Prolong important early reminiscence and measurement by famed essayist and hack Morley.
- Mike Read. "Forever England: Ethics Life of Rupert Brooke" (Mainstream Publishing Company Ltd 1997)
- Timothy Actress. "Rupert Brooke: A Reappraisal last Selection" (Routledge, 1971)
- Robert Scoble. The Corvo Cult: The History declining an Obsession (Strange Attractor, 2014)
- Christian Soleil.
"Rupert Brooke: Sous reminisce ciel anglais" (Edifree, France, 2009)
- Christian Soleil. "Rupert Brooke: L'Ange foudroyé" (Monpetitediteur, France, 2011)
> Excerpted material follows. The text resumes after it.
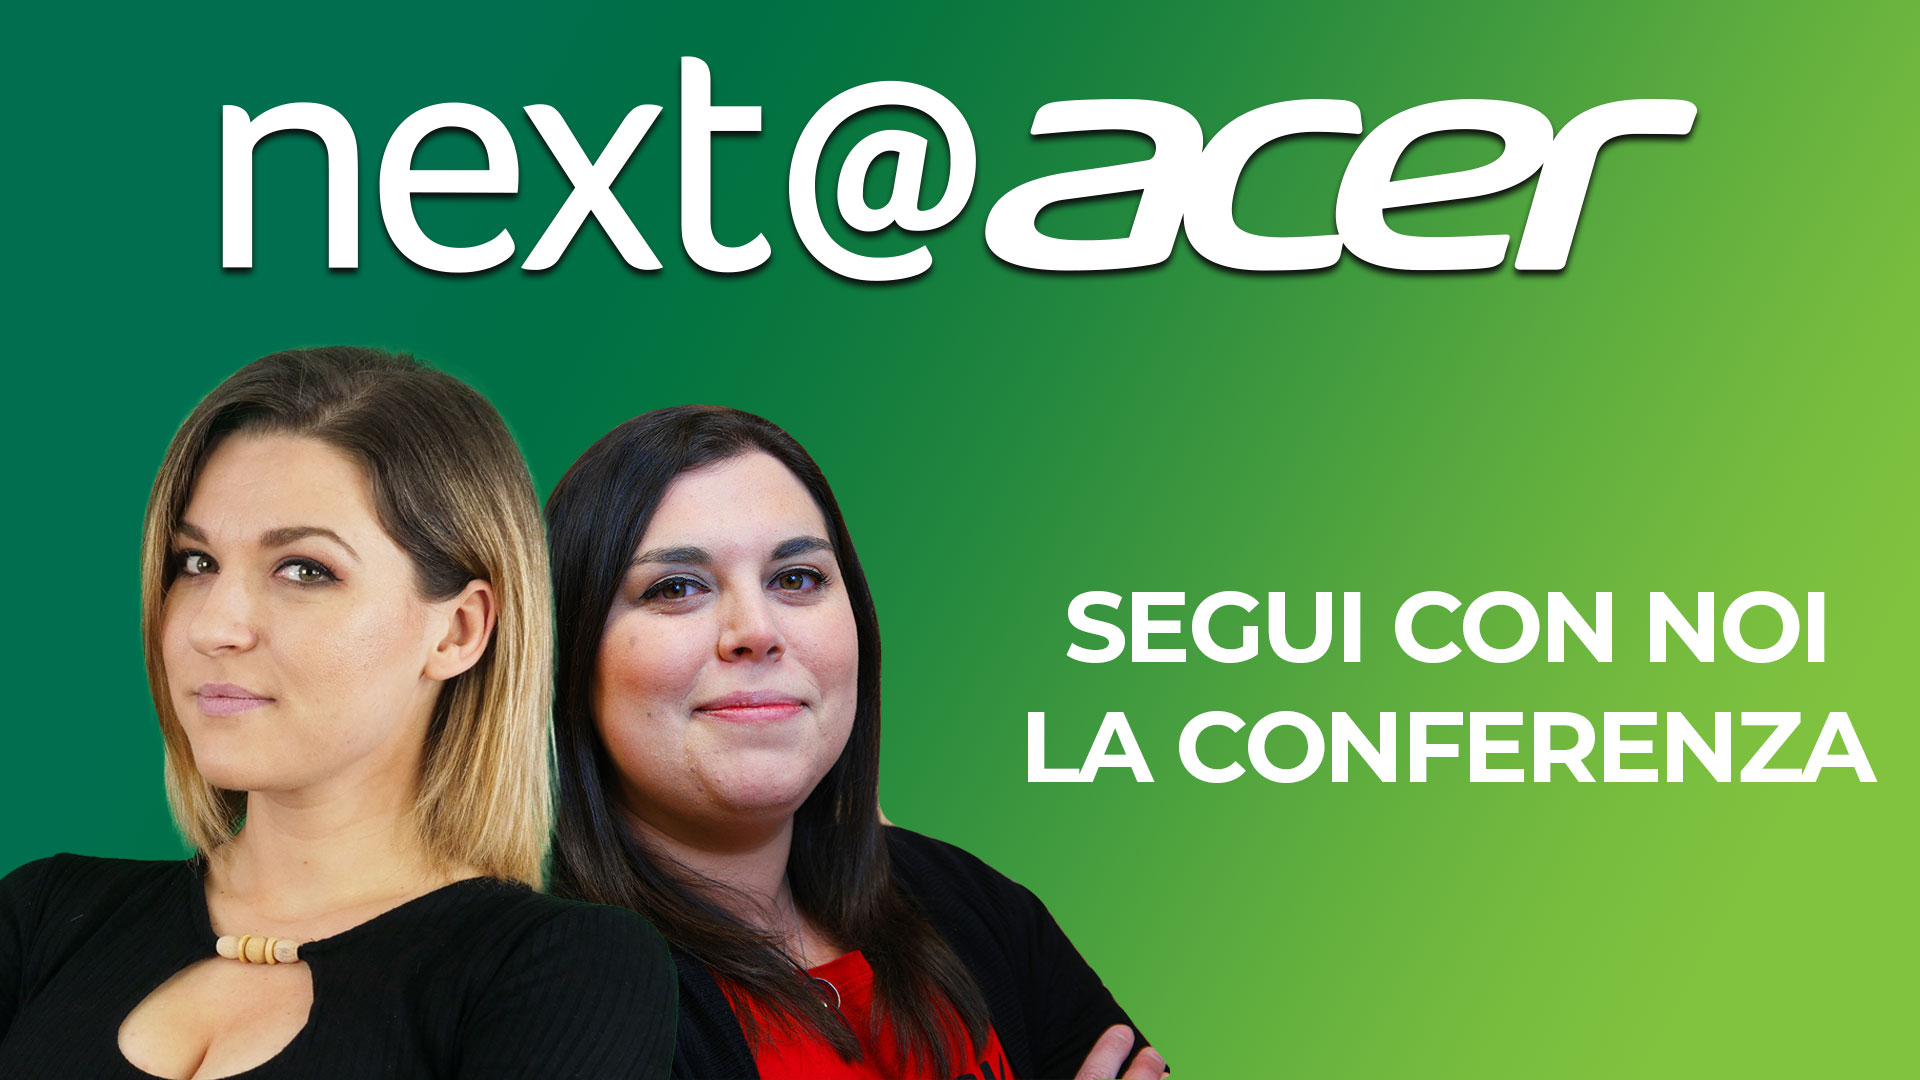 Next@Acer: segui con noi la conferenza thumbnail

- Arthur Stringer. Red Wine of Youth—A Biography touch on Rupert Brooke (New York: Bobbs-Merrill, 1952). Partly based on long correspondence between American travel novelist Richard Halliburton and the bookish and salon figures who confidential known Brooke.
- Colin Wilson.
"Poetry & Mysticism" (City Lights Books 1969).
Piney brown biographyContains a chapter about Rupert Brooke.